Yazıcızâde kardeşlerin babası, Şemsiyye adlı eseriyle tanınan âlim ve şair.

XIV. yüzyılın ikinci yarısı ile XV. yüzyıl başlarında yaşadı. Asıl adıyla ilgili farklı görüşler vardır. M. Fuad Köprülü, N. Sami Banarlı, V. Mahir Kocatürk, şairin Şemsiyye’sinde geçen “Sâhibü’t-te’lîf Yazıcı Salhadîn” (Kütahya Vahîd Paşa İl Halk Ktp., nr. 520, vr. 15b) ibaresinden hareketle adının Selâhaddin olduğunu belirtir. Âmil Çelebioğlu ise onun, “Yoksa nice söyleye değme hakîm/Haddi nedir Sâlih’in dünyâda kim” beytine dayanarak (Süleymaniye Ktp., Pertevniyal Vâlide Sultan, nr. 766, vr. 12a) aslı “Sâlihü’d-dîn” olan terkibin vezin zarureti dolayısıyla “Salhadîn” şeklinde kaydedildiğini ve adının Sâlih olması gerektiğini söyler. Esasen oğlu Mehmed’in, eserlerinde künyesini Muhammed b. Sâlih b. Süleyman şeklinde göstermesi de Çelebioğlu’nun görüşünü destekler. Bu künyeden ve Tuhfetü’l-mücâhidîn’deki Sâlih b. Süleyman kaydından (Nuruosmaniye Ktp., nr. 2293, s. 497) babasının gerçek adının da Evliya Çelebi’nin kaydettiği üzere Şücâeddin değil Süleyman olduğu öğrenilmektedir.

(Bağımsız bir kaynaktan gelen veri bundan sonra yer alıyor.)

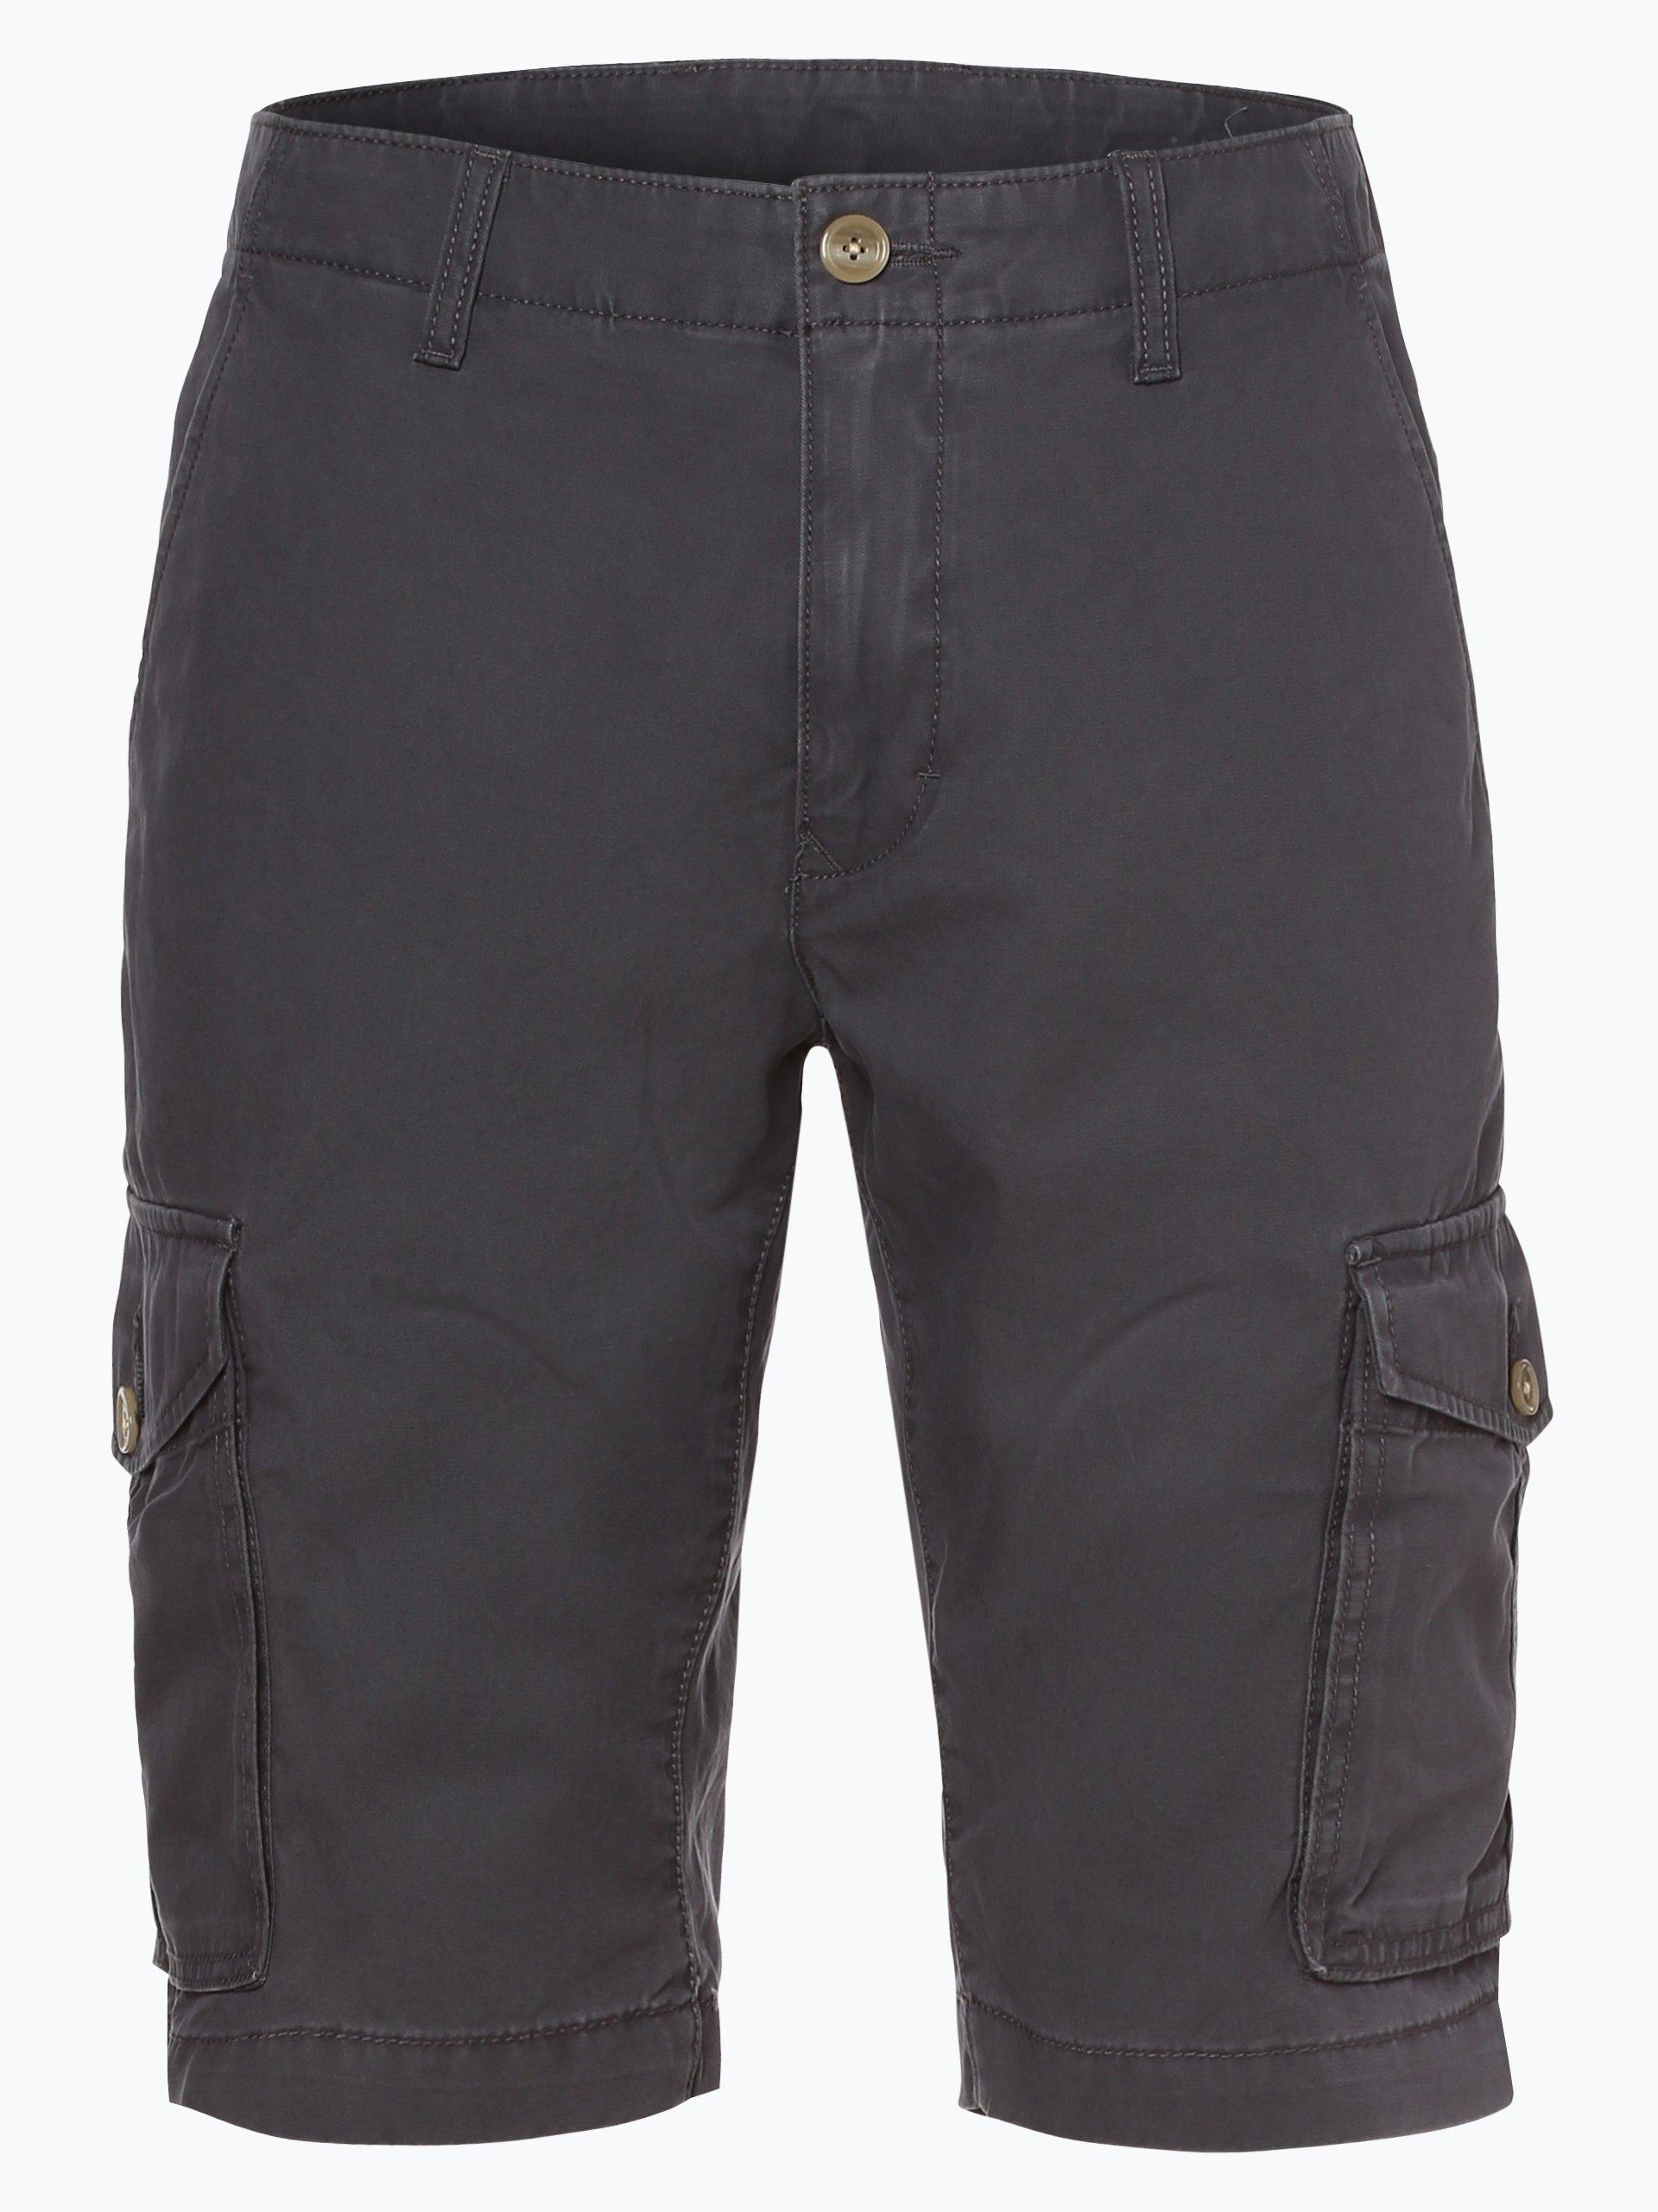 tommy hilfiger herren shorts grau uni online kaufen peek. Black Bedroom Furniture Sets. Home Design Ideas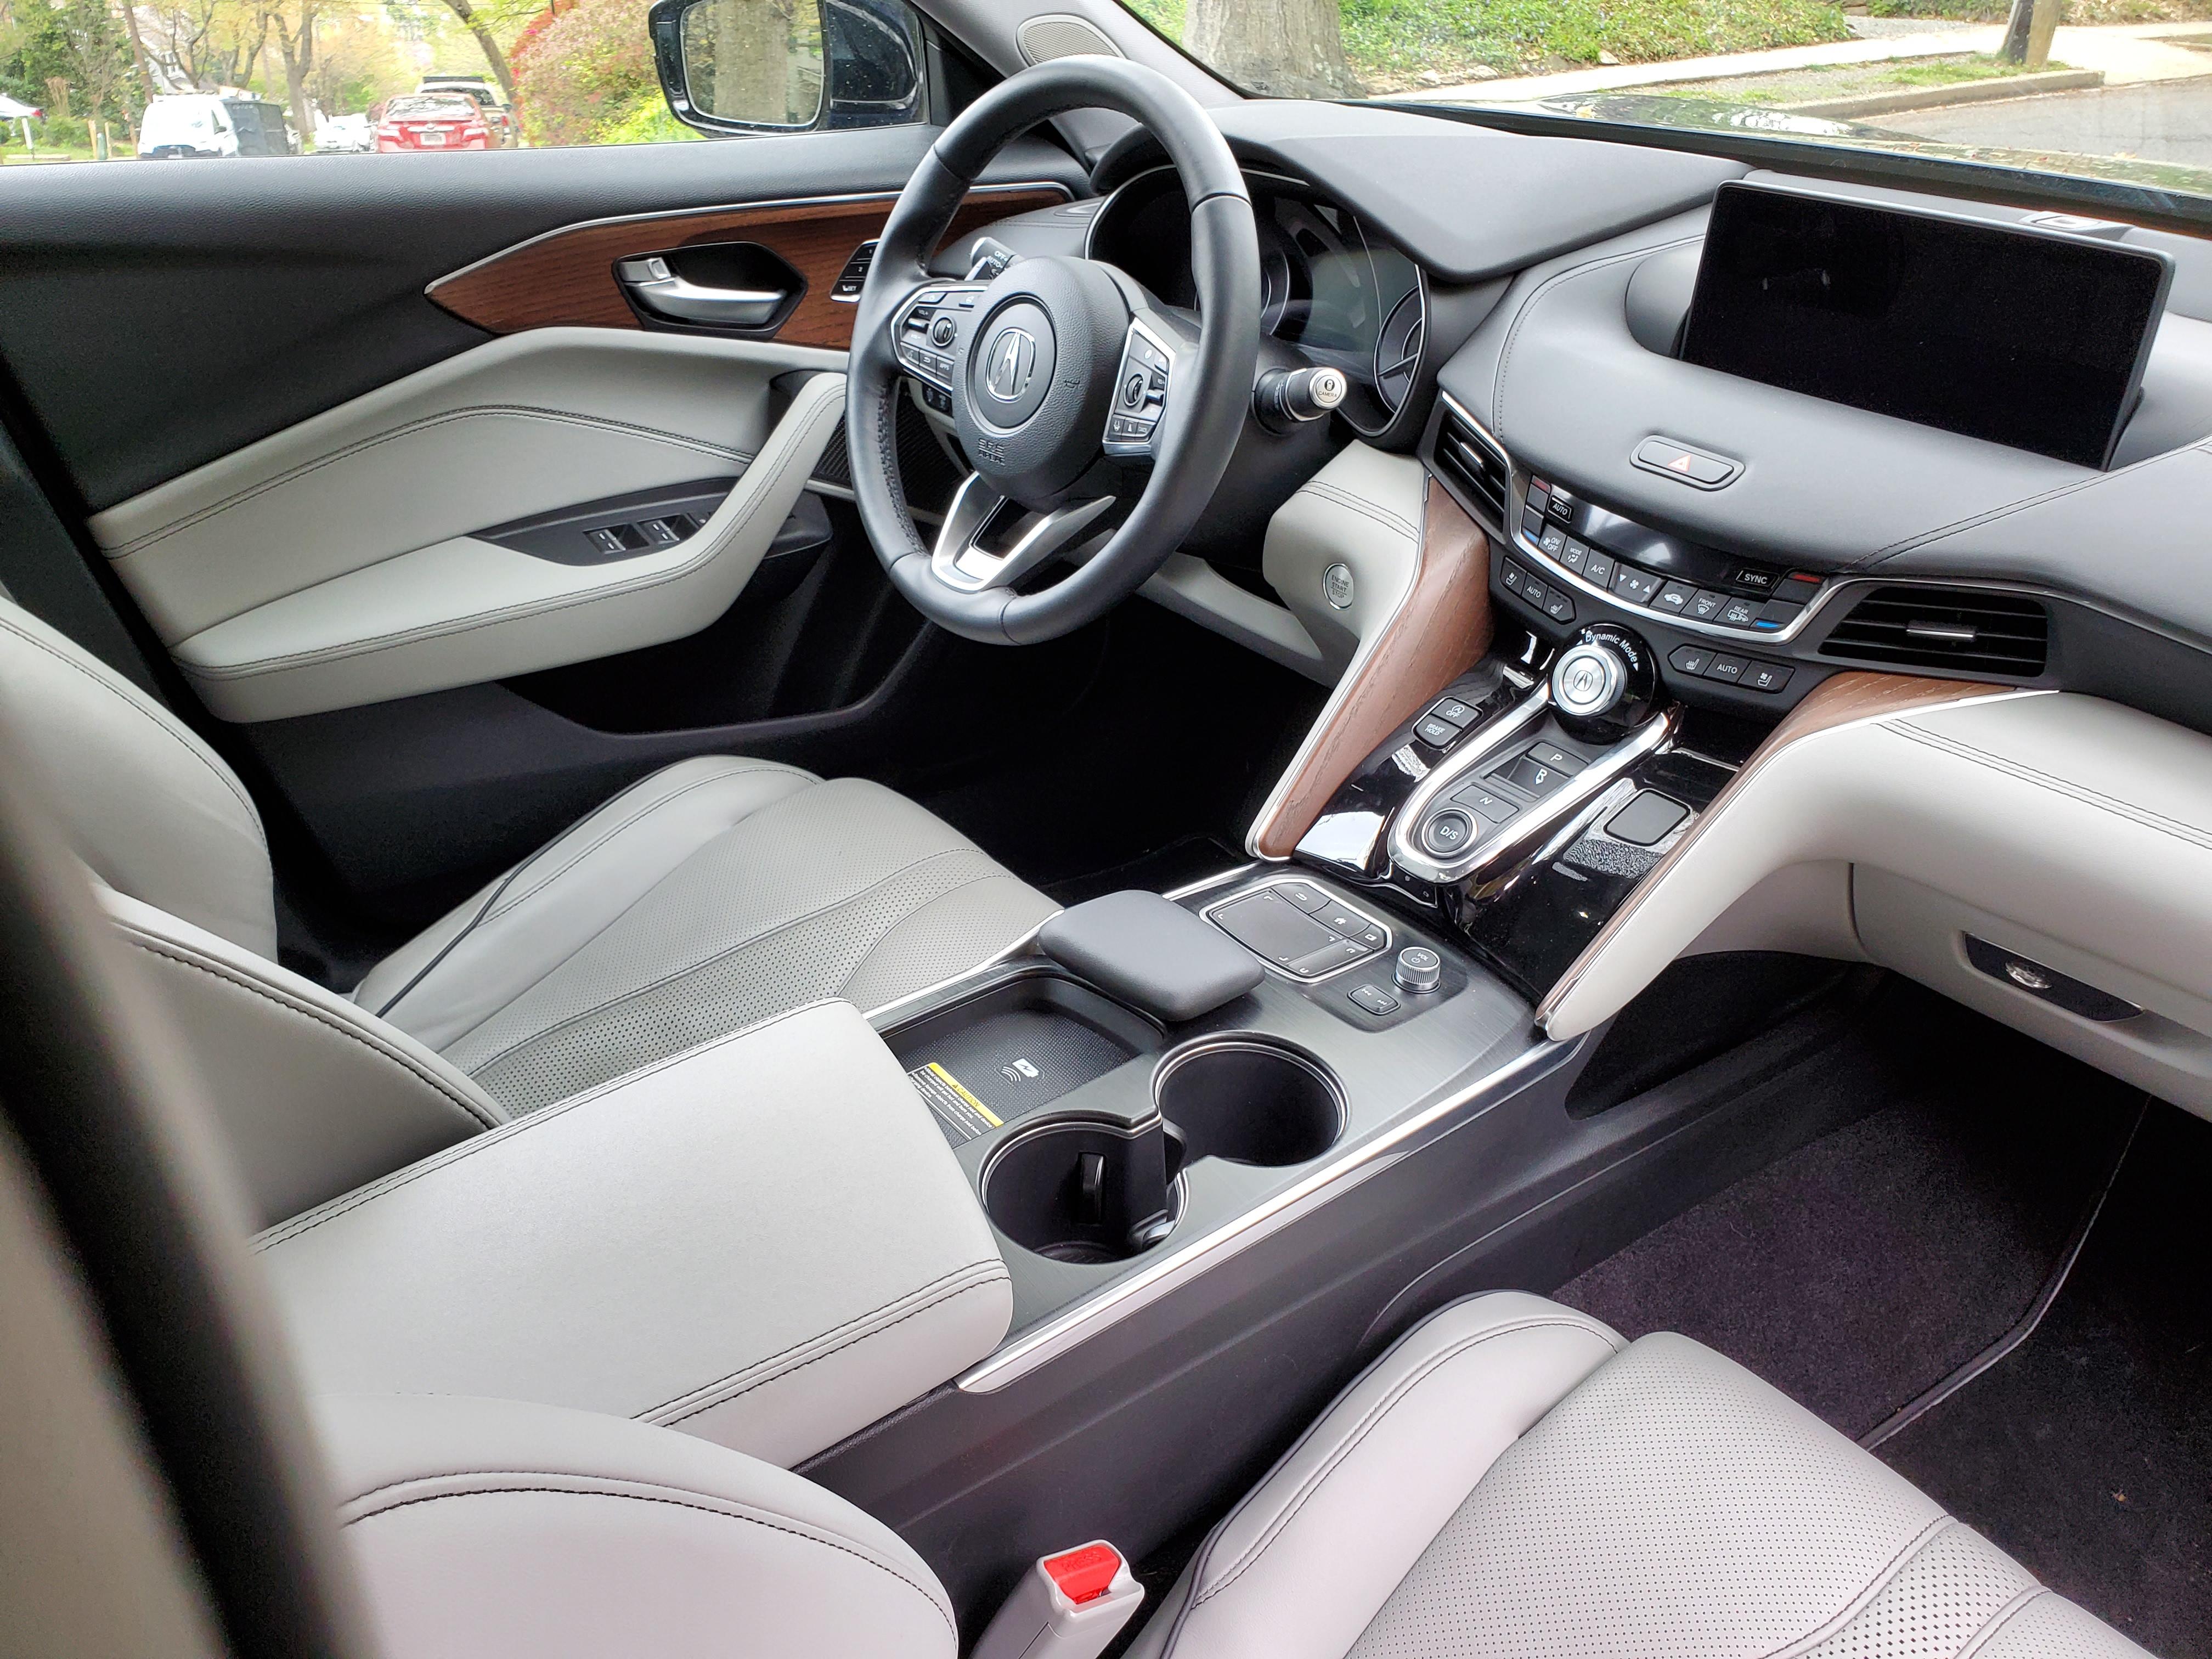 2021 Acura TLX Interior Right Side

Yazıcı Sâlih’in Şemsiyye’sini Ankara’da yaşayan Devlet Han ailesinden İskender b. Hacı Paşa’ya ithaf etmesi, onun Ankara’da doğduğu ihtimalini kuvvetlendirmektedir. Künhü’l-ahbâr’da da, “Mevlidleri Ankara yahut vilâyet-i Rûm’un kasabâtından olmak ihtimaldir” denmektedir. Yazıcı Sâlih’in oğulları Mehmed ile Ahmed Bîcan, II. Murad devri mutasavvıflarından ve âlimlerindendir. Hammer, Gibb ve Babinger, Yazıcı Sâlih’in hâmisinin Şemsiyye’de adı geçen II. Bayezid’in çağdaşı Aydınlı Hacı Paşa olduğunu söyler. Halbuki Yazıcı Sâlih, Fâtih Sultan Mehmed’in veziri olan Mahmud Paşa’nın oğlu Ali Bey’e intisap ettiğini ve ondan lutuf ve ihsan gördüğünü kaydeder. Yazıcı Sâlih, babasının yaptırdığı külliyeyi idare etmek için Malkara’ya yerleşen Ali Bey ile birlikte oraya gitmiş ve onun ölümüne kadar kendisine hizmet etmiş, ardından Gelibolu’ya yerleşerek burada vefat etmiştir. Âmil Çelebioğlu’na göre (İİFD, sy. 1 [1976], s. 178-179) yeri tam tesbit edilemeyen kabri, Gelibolu’daki Yazıcızâde Mezarlığı’nın kapalı bölümünde oğullarının mezarlarına yakın bir yerdedir. Yazıcı Sâlih’in belli seviyede bilgi ve birikim gerektiren kâtiplik mesleğinden olması, bu sebeple “yazıcı” lakabını alması, Farsça ve Arapça’dan Türkçe’ye tercümeler yapabilecek ölçüde bu dilleri bilmesi onun iyi bir eğitim aldığını göstermektedir. Gelibolulu Âlî Efendi Künhü’l-ahbâr’da onun ilm-i nücûmda “yed-i tûlâ” sahibi olduğunu kaydeder.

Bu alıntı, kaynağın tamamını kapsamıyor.